Note that code compiled by the Intel Fortran Compiler (IFC) is not binary compatible with code compiled by g77. Therefore, when using IFC, all Fortran codes used in SciPy must be compiled with IFC. This also includes the LAPACK, BLAS, and ATLAS libraries. Using GCC for compiling C code is OK. IFC version 5.0 is not supported (because it has bugs that cause SciPy's tests to segfault).

Minimum IFC flags for building LAPACK and ATLAS are

  -FI -w90 -w95 -cm -O3 -unroll

Also consult 'ifc -help' for additional optimization flags suitable for your computers CPU.

When finishing LAPACK build, you must recompile ?lamch.f, xerbla.f with optimization disabled (otherwise infinite loops occur when using these routines)

  make lapacklib   # in /path/to/src/LAPACK/
  cd SRC
  ifc -FI -w90 -w95 -cm -O0 -c ?lamch.f xerbla.f
  cd ..
  make lapacklib

Advanced Issues

Why numpy headers are installed using add_data_dir and not add_headers?

To enable several versions of numpy to be installed at the same time, as well as to deal more easily with eggs.

More precisely: add_headers install headers system-wide (e.g. in /usr/include/ on unix if /usr is the prefix for installation), whereas add_data_dir install the headers in package-specific location (for example somewhere in /usr/lib/python2.5/site-packages/numpy/). Installing the headers system-wide prevents multiple version of numpy to be installed at the same time, and that's why add_headers use is discouraged for numpy/scipy.

Troubleshooting

If you experience problems when building/installing/testing SciPy, you can ask help from scipy-user@scipy.org or scipy-dev@scipy.org mailing lists. Please include the following information in your message: os.name, uname -a, sys.platform, sys.version, numpy.version, ATLAS version, compiler versions, etc. This information can be generated by executing:

Feel free to add any other relevant information. For example, the full output (both stdout and stderr) of the SciPy installation command can be very helpful. Since this output can be rather large, ask before sending it into the mailing list (or better yet, to one of the developers, if asked).

In case of failing to import extension modules, the output of

ldd /path/to/ext_module.so

can be very informative.

Miscellaneous Issues

Why doesn't the bdist_rpm command work with config_fc?

The bdist_rpm in Python distutils hardcodes python setup.py build command for building rpms and so any additional options given in command line are not passed to the acctual build command. So, bdist_rpm has never worked together with config_fc. As a workaround, do the following:

1) Run

  python setup.py bdist_rpm
  python setup.py bdist_rpm --spec-only

to create rmpbuild tree and dist/package.spec.

2) Edit the setup.py build command in dist/package.spec.
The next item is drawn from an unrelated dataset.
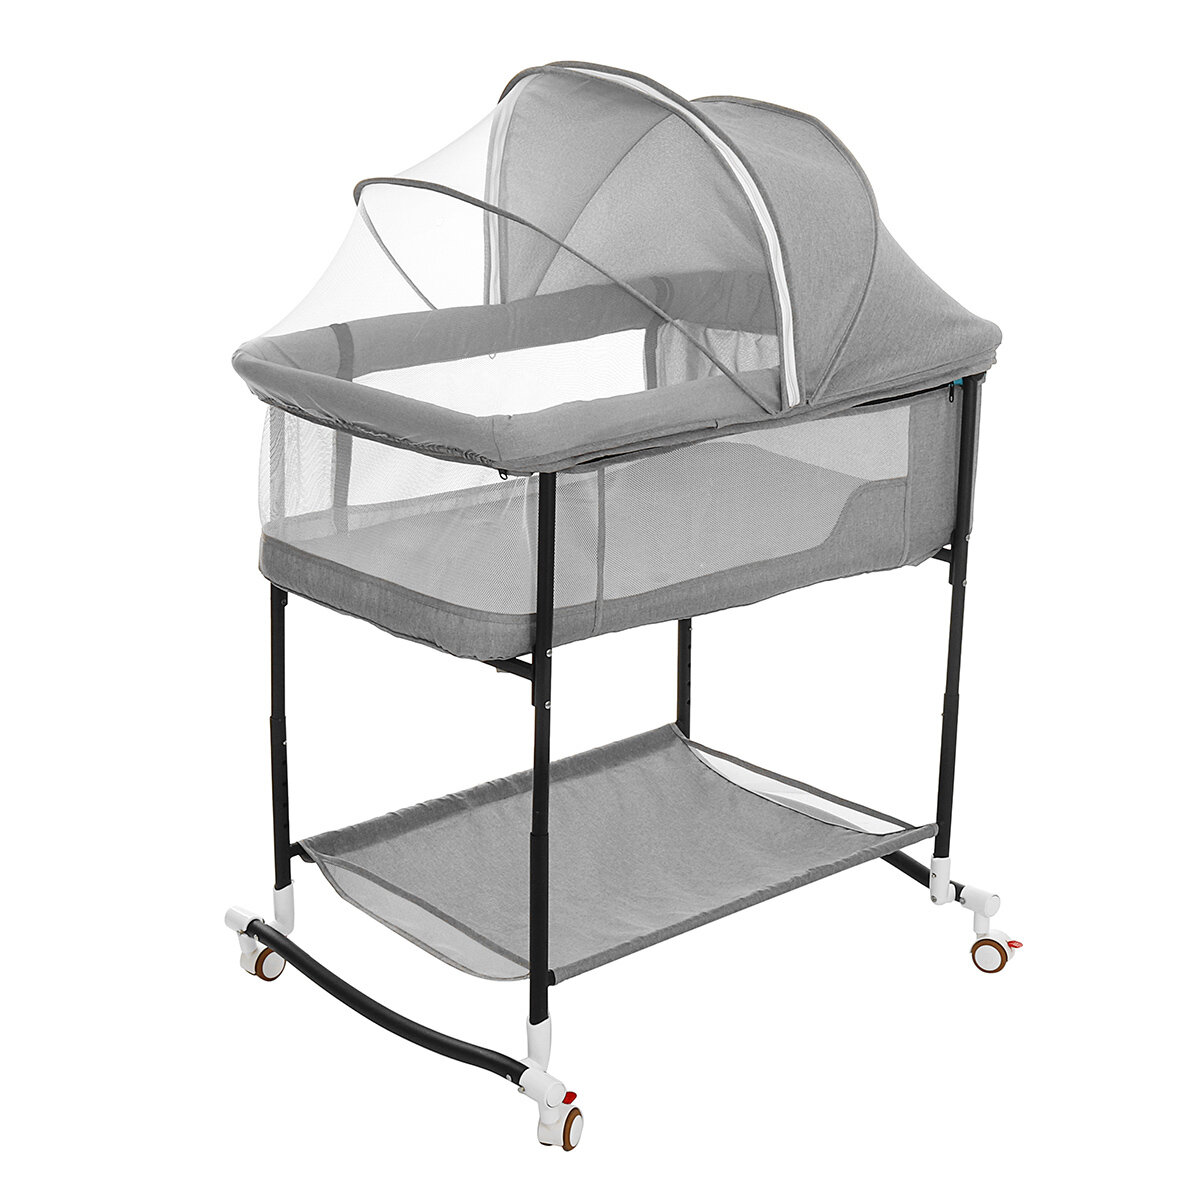 Image of 4-In-1 Infant Bedside Crib Portable Baby Sleeper Adjustable Height Stitching Big Bed for 0-36 Months Children

For example, insert config_fc --fcompiler=absoft just before the setup.py build command.

3) Insert the _topdir definition line to dist/package.spec, for example

%define _topdir %(echo $PWD)/build/bdist.linux-i686/rpm

4) Run

  rpmbuild -ba  dist/f2py_ext.spec

This will create package rpm files somewhere under build/bdist.linux-i686/rpm/ directory.

RPM experts are welcome to simplify the above howto.